Nation

EDCOM II FLAGS OVERLAPPING CHED, PRC, TESDA MANDATES AS BARRIER TO PROFESSIONAL GROWTH

/ 15 January 2026

OVERLAPPING and competing mandates among the Commission on Higher Education, the Professional Regulation Commission,  and the Technical Education and Skills Development Authority are creating structural barriers that hinder the academic and professional progression of Filipino learners and workers.

This was revealed in the findings of the Second Congressional Commission on Education (EDCOM II).

In its review, EDCOM II noted that while CHED, PRC, and TESDA were established to regulate distinct segments of the education-to-employment pipeline, their enabling laws grant parallel—and in some cases conflicting—regulatory powers.

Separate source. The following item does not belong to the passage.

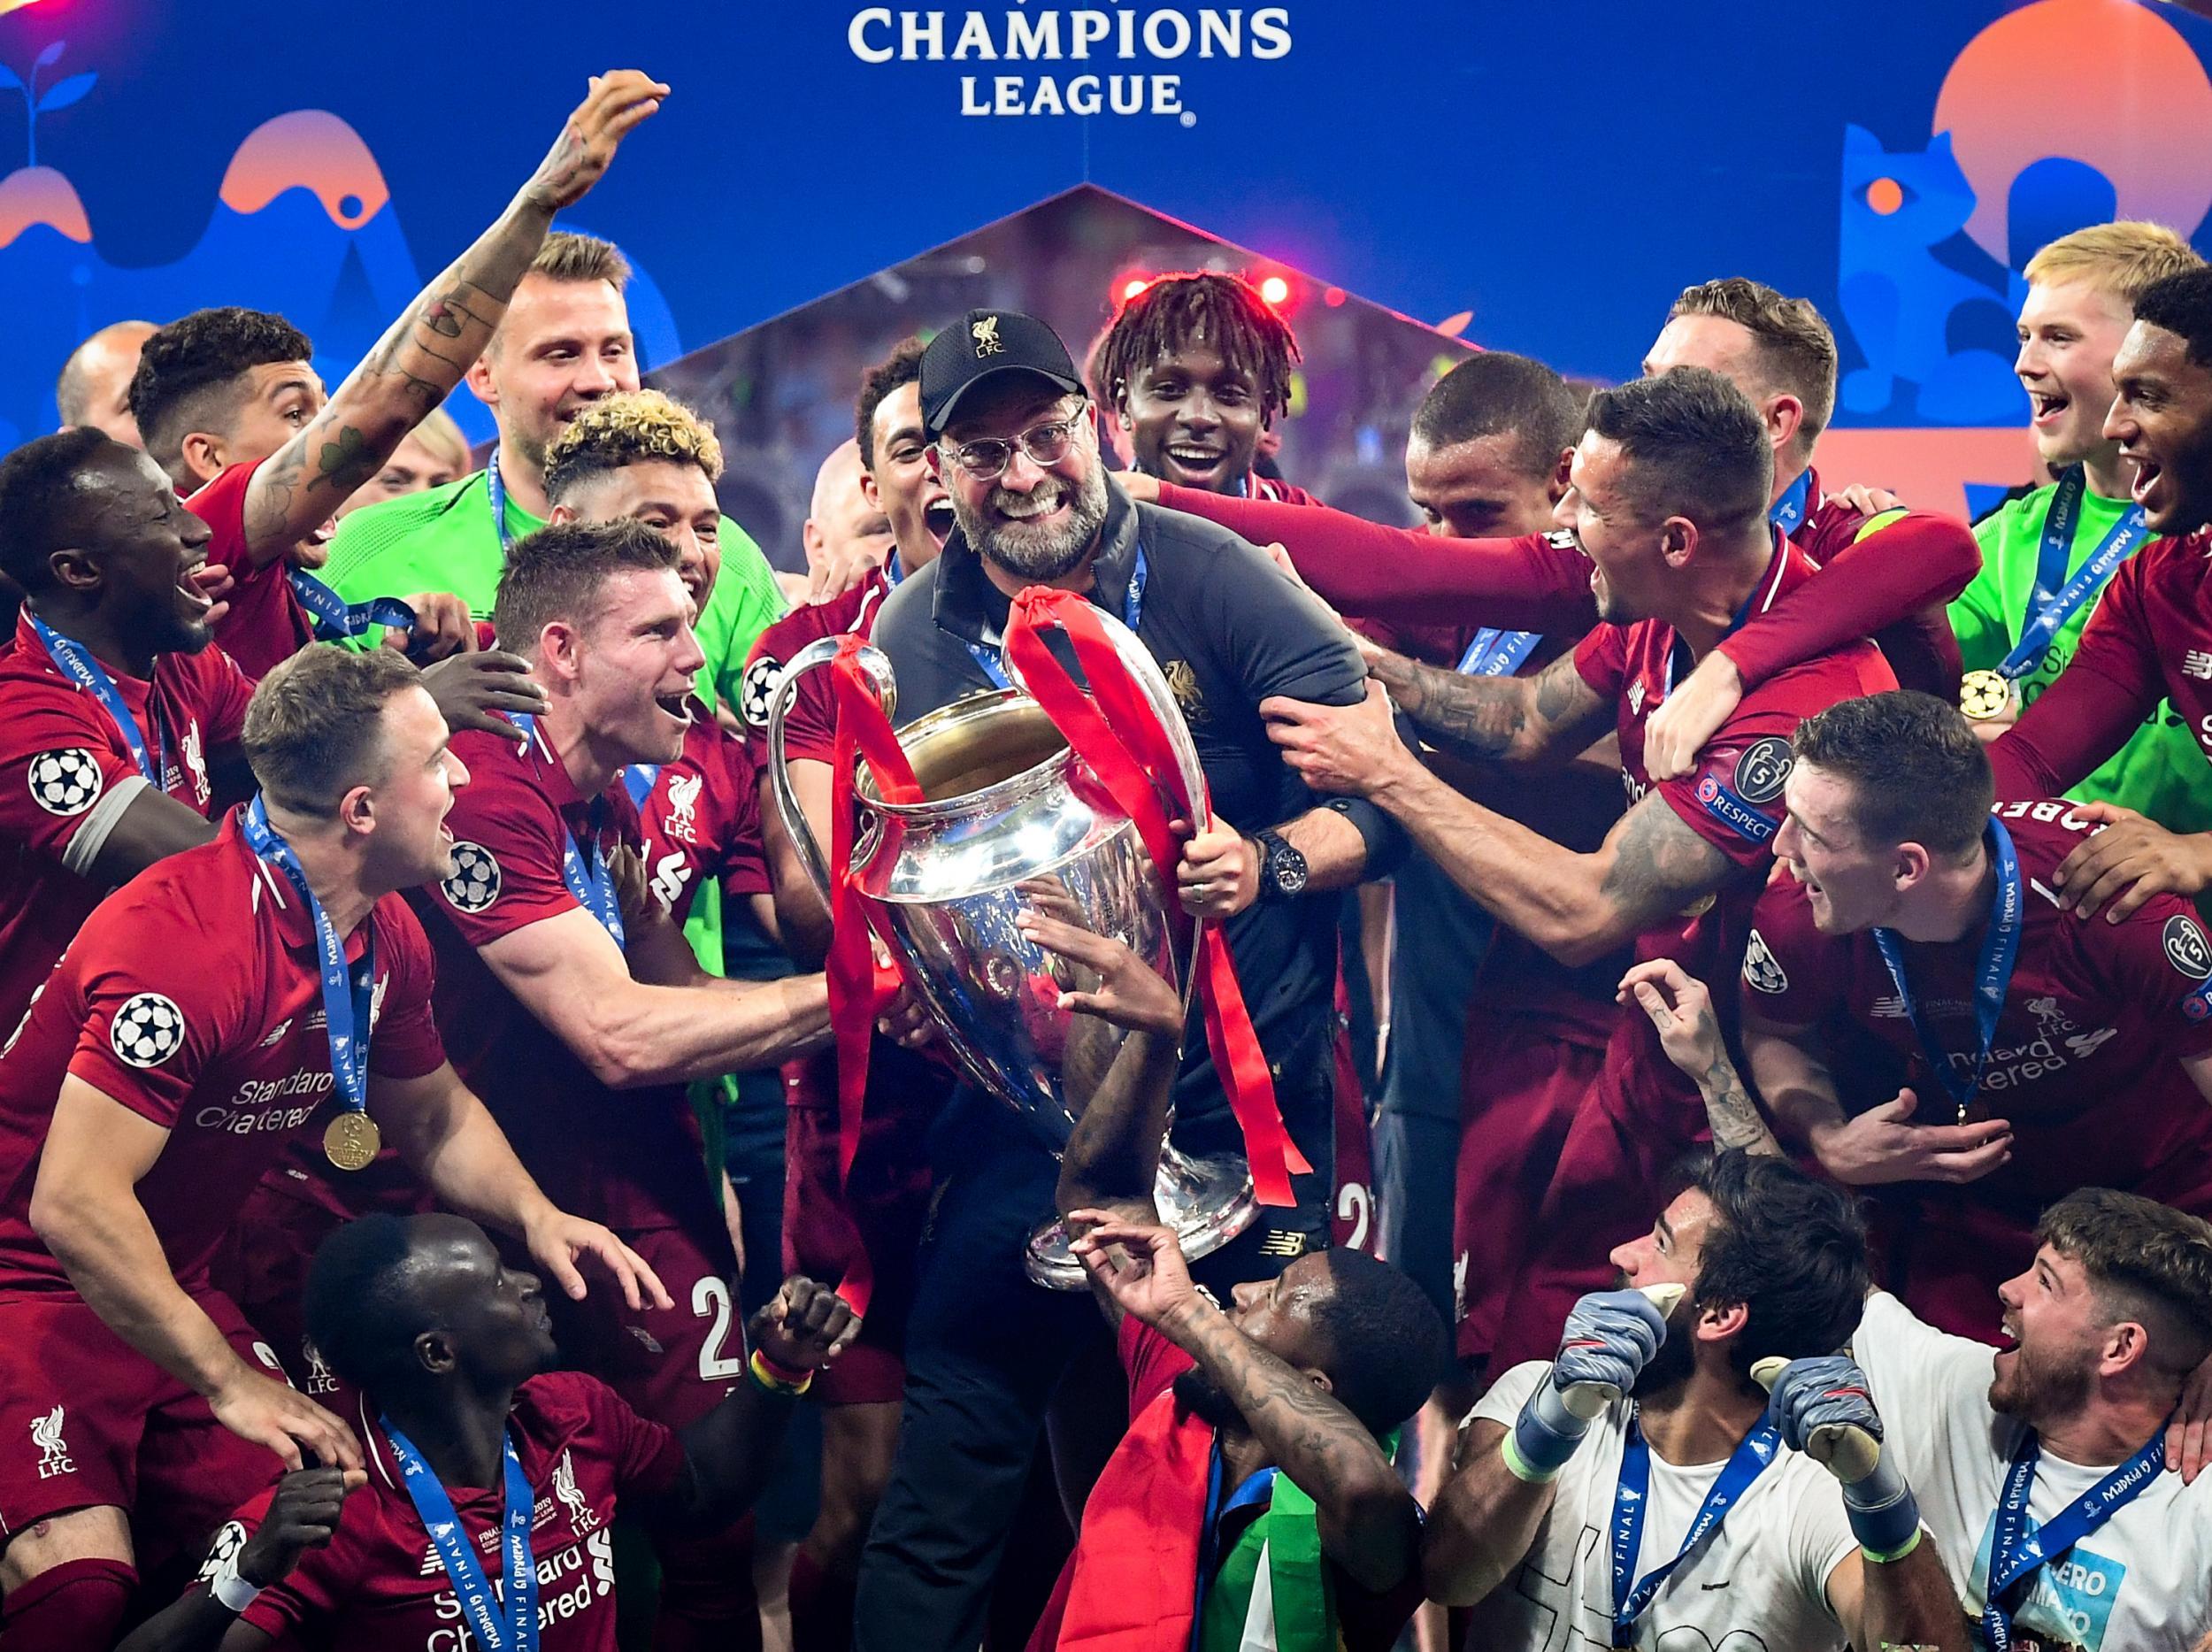 liverpool champions league 2019

The commission found that the lack of a clear hierarchy and regular coordination in implementing these laws has resulted in blurred lines of authority, particularly where academic programs, skills standards, and licensure requirements intersect.

This statutory ambiguity has led to duplicative regulation, inconsistent enforcement, and conflicting policy guidance for institutions and students.

The problem is further compounded by outdated professional laws enacted decades before the creation of CHED and TESDA in 1994.

“These provisions were crafted in the absence of a national higher education and skills regulator,” EDCOM II said, noting that they now conflict with contemporary standards and quality assurance frameworks issued by CHED and TESDA.

Even among more recent professionalization laws, the commission said the failure to specify which agency’s rules should prevail when standards diverge has subjected institutions to multiple, uncoordinated audits of the same programs, laboratories, and faculty.

These overlaps, the commission said, have real consequences for learners and workers.

Graduates of TESDA-regulated programs often face barriers when transitioning to CHED-regulated degree programs, as competencies earned through national certificates are not consistently credited.

To address these structural contradictions, EDCOM II proposed the Philippine Professional Standards and Quality Assurance System Act of 2025, which seeks to mitigate overlapping functions by creating a Board of Curriculum Standards and Skills to ensure seamless integration of tertiary education and professional regulation.

While the legislation is pending, CHED, PRC, and TESDA signed a Joint Memorandum Circular on October 10 to harmonize professional and technical standards in priority areas and support learner mobility and national development.

The circular establishes a permanent Tripartite Council to streamline curricula, licensure standards, and training regulations, and to delineate final authorities among the three agencies to minimize jurisdictional overlaps and unilateral policy shifts.